◆ YOUR OBJECTIVE: Among the entries below, take the line with "Party Hat - Blue" and the line with "Interesting And Good", and output them and every line between them exactly, with nothing else.

◆ SOURCE INFORMATION:
◇ ◇ ◇ ◇ ◇ ◇ ◇

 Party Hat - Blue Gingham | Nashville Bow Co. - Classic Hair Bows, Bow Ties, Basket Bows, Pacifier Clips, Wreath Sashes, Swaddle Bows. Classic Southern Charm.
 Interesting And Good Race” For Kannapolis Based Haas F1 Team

◇ ◇ ◇ ◇ ◇ ◇ ◇

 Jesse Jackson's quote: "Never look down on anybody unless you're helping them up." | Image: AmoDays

◇ ◇ ◇ ◇ ◇ ◇ ◇

◆ WORKED SOLUTION:
 Party Hat - Blue Gingham | Nashville Bow Co. - Classic Hair Bows, Bow Ties, Basket Bows, Pacifier Clips, Wreath Sashes, Swaddle Bows. Classic Southern Charm.
 Interesting And Good Race” For Kannapolis Based Haas F1 Team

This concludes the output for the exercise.